What Is It?
Where one stands on an issue of tax law may depend upon context and perspective, including the facts and circumstances one finds relevant, and whom one is counseling or representing.[i]
Tax advisers often find themselves in situations in which they must ascertain either the “true” nature of a transfer of property between taxpayers[ii] – what they intended – or the character of the property that is the subject of the transfer. The determination of one may influence the outcome as to the other.
The IRS Office of Chief Counsel(“OCC”) recently issued advice[iii] on whether the gain from a taxpayer’s sales of LLC interests should be treated as ordinary income because the taxpayer held the LLC interests primarily for sale to customers in the ordinary course of a trade or business.[iv]
At the same time, the OCC also considered whether the Code’s “hot asset” rules for partnerships[v] should be applied collectively to treat the taxpayer’s gain on the above sales as ordinary income because the taxpayer was engaged in a trade or business of selling land.
Sale of LLC Interests
During the taxable years in question, Taxpayer directly, and indirectly through entities owned and managed by Taxpayer (the “Managed LLCs”), engaged in the promotion and sale of interests in limited liability companies (“Transaction LLCs”). The only assets owned by these Transaction LLCs were undeveloped parcels of land. Taxpayer held interests in the Managed LLCs with persons A and B and reported the activities of the Managed LLCs as partnerships for federal tax purposes.
Each of the Transaction LLCs engaged in transactions that involved the donation of an easement with respect to the land “in exchange for” a charitable contribution deduction,[vi] and/or the donation of a fee simple interest in the land in exchange for such a deduction (the “Transactions”).[vii]
According to information provided by Taxpayer, Taxpayer was previously engaged in a variety of business activities, including real estate management, acquisition, and investment activities.

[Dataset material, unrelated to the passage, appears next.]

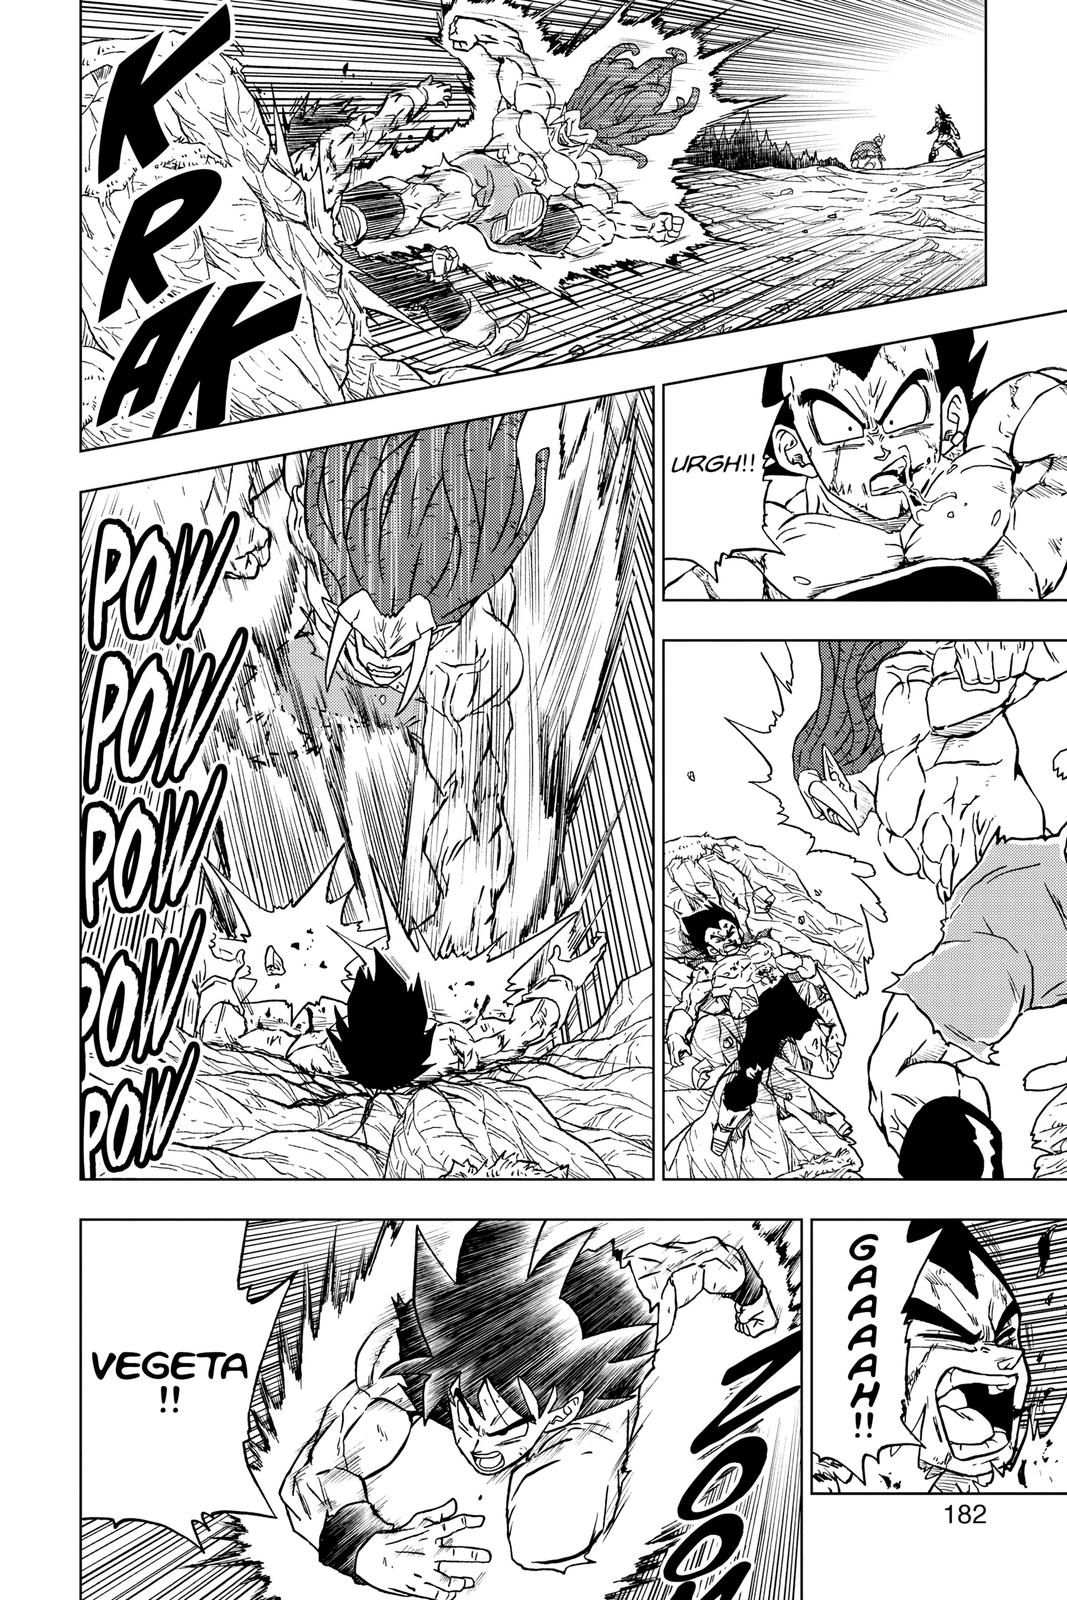 DUHRAGON BALL — Dragon Ball Super Manga Ch. 77-80

Taxpayer also represented that Taxpayer and the Managed LLCs did not sell real property and were not engaged in a trade or business of selling real property.
The promotional materials for the Transactions described certain principals of Managed LLCs (presumably including Taxpayer) as “only providing additional information regarding the potential acquisition of membership interests to prospective members and are not acting as a real estate broker nor are they acting as a broker or dealer in securities.”
Taxpayer, or Taxpayer through a Managed LLC, managed, marketed, and negotiated all Transaction steps. During the relevant periods, Taxpayer generally undertook the following steps[viii] to promote and sell the Transaction LLC interests:
- Identified a third-party owner of an undeveloped piece of land who held the land for more than one year (Landowner). Landowner formed an LLC (Land LLC) and contributed the undeveloped land to Land LLC.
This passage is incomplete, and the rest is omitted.